Counter read mode works in exactly the same as regular read mode (with the same configuration flags available) except that it reads data from the counter table `scylla_bench.test_counters`.

#### Scan mode (`-mode scan`)

Scan the entire table. This mode does not allow the `workload` to be configured (it has its own workload called `scan`). The scan mode allows for the token-space to be split into a user configurable sub-ranges and for querying these sub-ranges concurrently. The algorithm used is that descibed by [Avi's efficient range scans blog post](https://www.scylladb.com/2017/02/13/efficient-full-table-scans-with-scylla-1-6/).
The amount of sub-ranges that the token-space will be split into can be set by the `-range-count` flag. The recommended number to set this to is:

-range-count = (nodes in cluster) ✕ (cores in node) ✕ 300

The number of sub-ranges to be read concurrency can be set by the `-concurrency` flag as usual. The recommended concurrency is:

-concurrency = range-count/100

For more details on these numbers see the above mentioned blog post.

Essentially the following query is executed:

SELECT * FROM scylla_bench.test WHERE token(pk) >= ? AND token(pk) <= ?

The number of iterations to run can be specified with the `-iterations` flag. The default is 1.

### Workloads

The second very important part of scylla-bench configuration is the workload. While mode chooses what kind of requests are to be sent to the cluster the workload decides which partitions and rows should be the target of these requests.

#### Sequential workload (`-workload sequential`)

This workload sequentially visits all partitions and rows in them. If the concurrency is larger than one then the whole population is split evenly between goroutines. Sequential workload allows specifying the offset of the first partition in the population (flag `-partition-offset`) to enable sequential population of the database by multiple clients. For example, if we have three simultaneously running scylla-bench processes:

1. `scylla-bench -workload sequential -mode write -partition-count 5`
1. `scylla-bench -workload sequential -mode write -partition-count 5 -partition-offset 5`
1. `scylla-bench -workload sequential -mode write -partition-count 5 -partition-offset 10`

The first loader will write partitions [0, 5), the second [5, 10) and the third [10, 15).

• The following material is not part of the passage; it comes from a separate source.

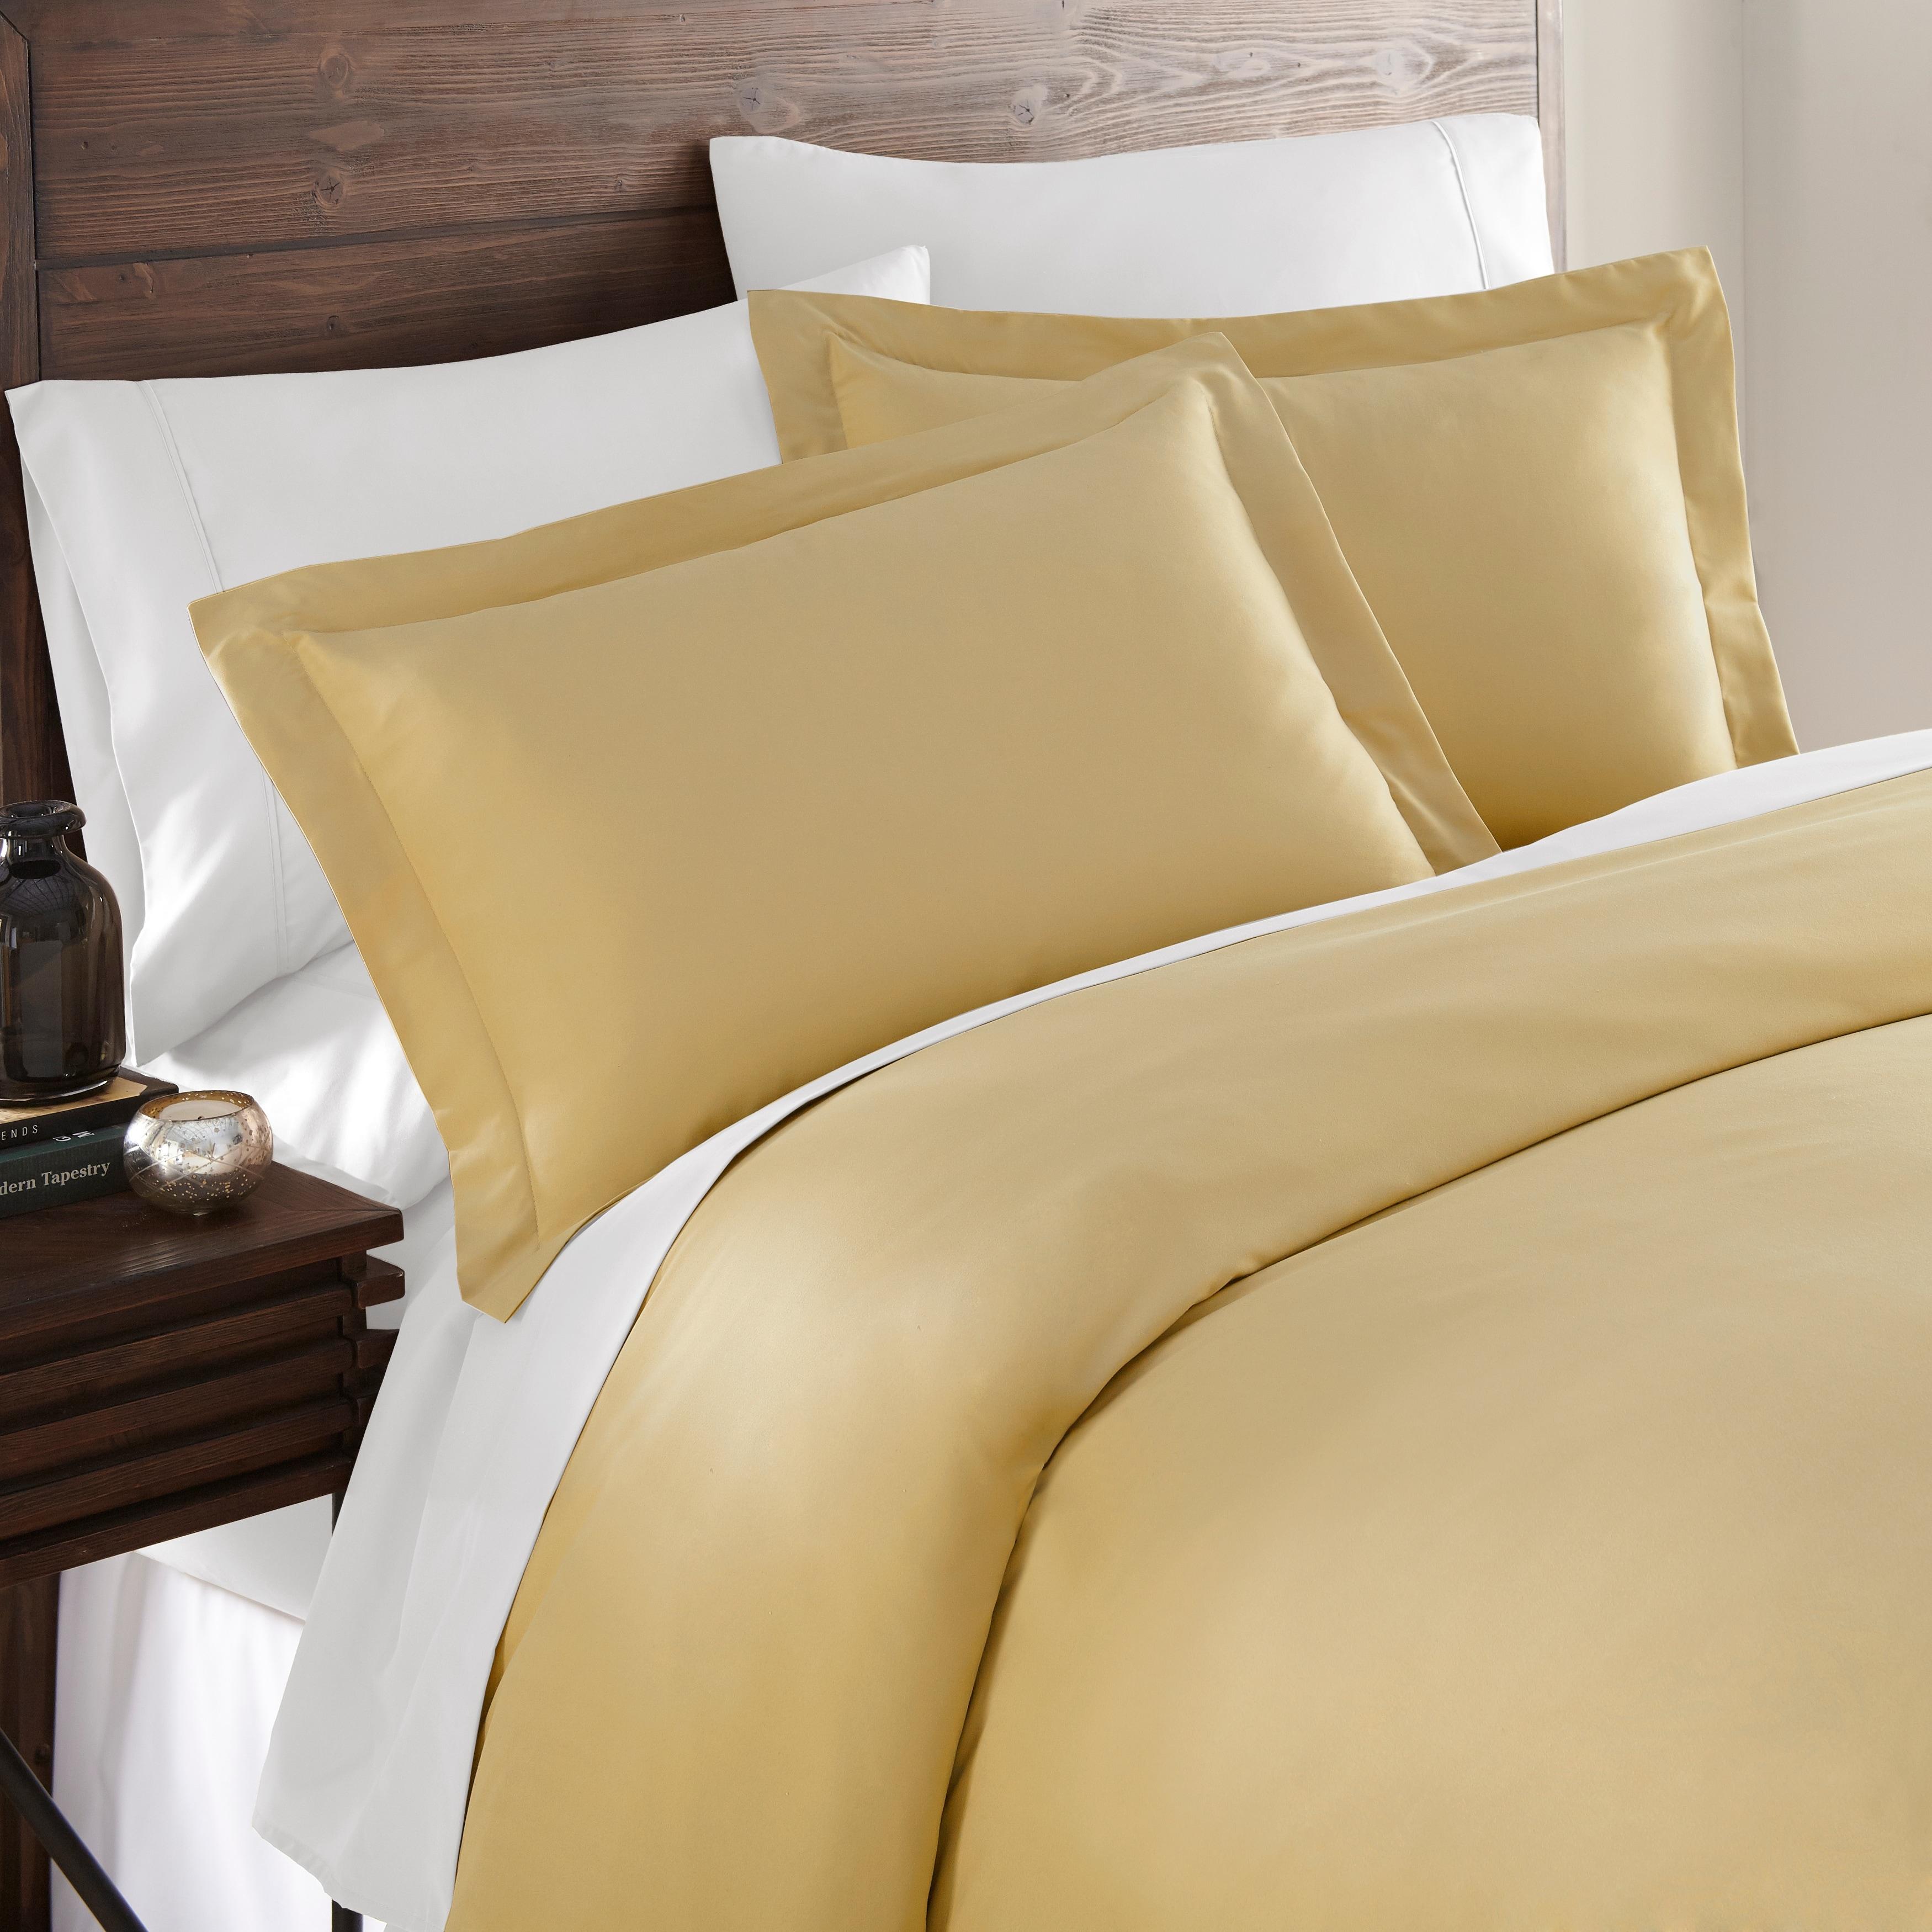 Hotel Luxury Ultra Soft 3pc Duvet Cover Set, 1500 Series Premium ...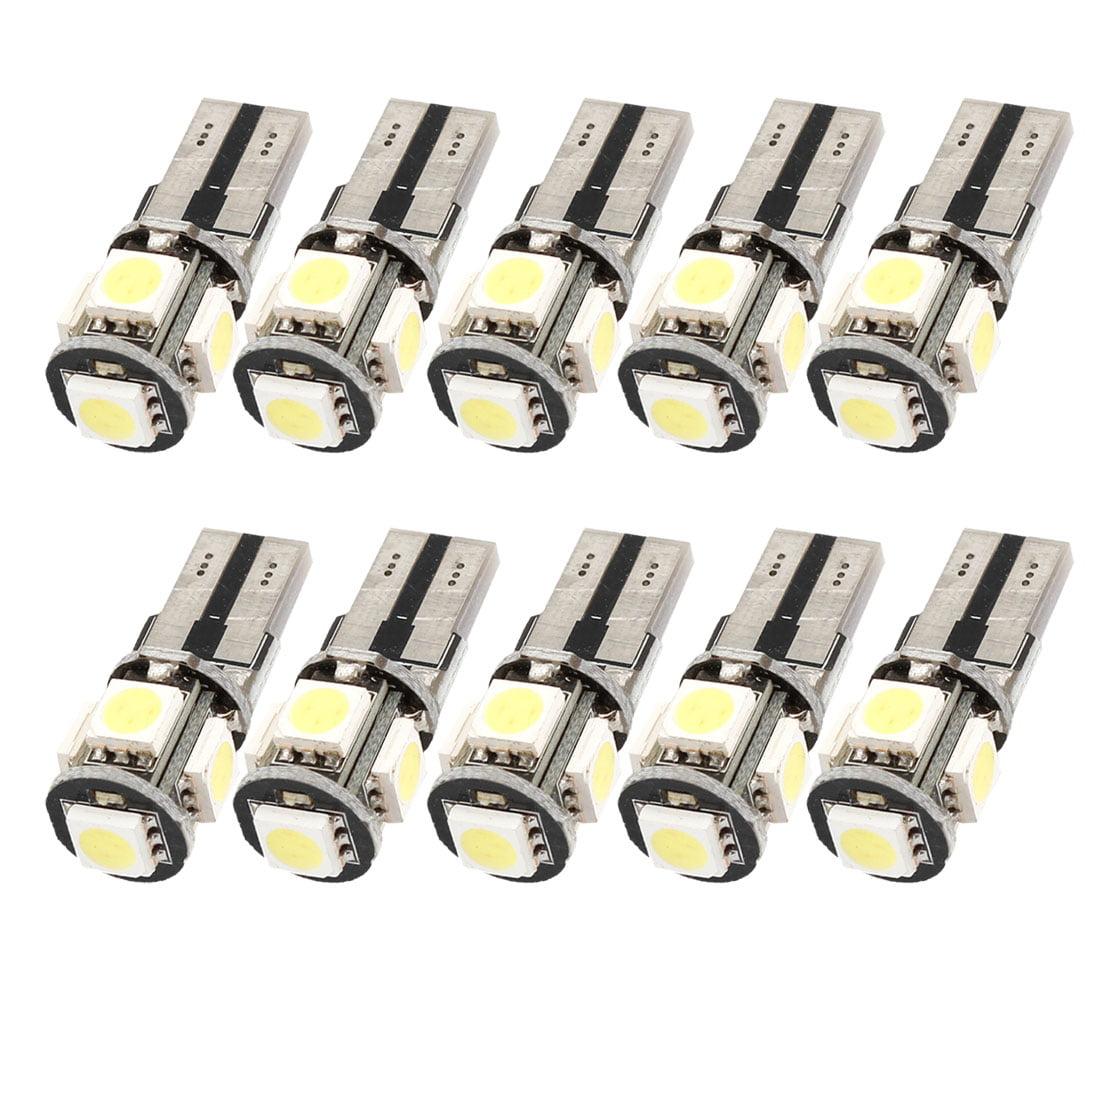 Unique Bargains 10 Pcs Canbus NO Error Free T10 5 SMD 5050  SIDE TAIL Light bulbs White

The sequential workload is useful for initial population of the database (in write mode) or warming up the cache for in-memory tests (in read mode).
The number of iterations to run can be specified with the `-iterations` flag. The default is 1.

#### Uniform workload (`-workload unifrom`)

Uniform workload chooses the partition key and clustering key randomly with a uniform distribution.

scylla-bench requires that the maximum duration of the test is specified when running with uniform workload (e.g. `-duration 1h`).

#### Time series workload (`-workload timeseries`)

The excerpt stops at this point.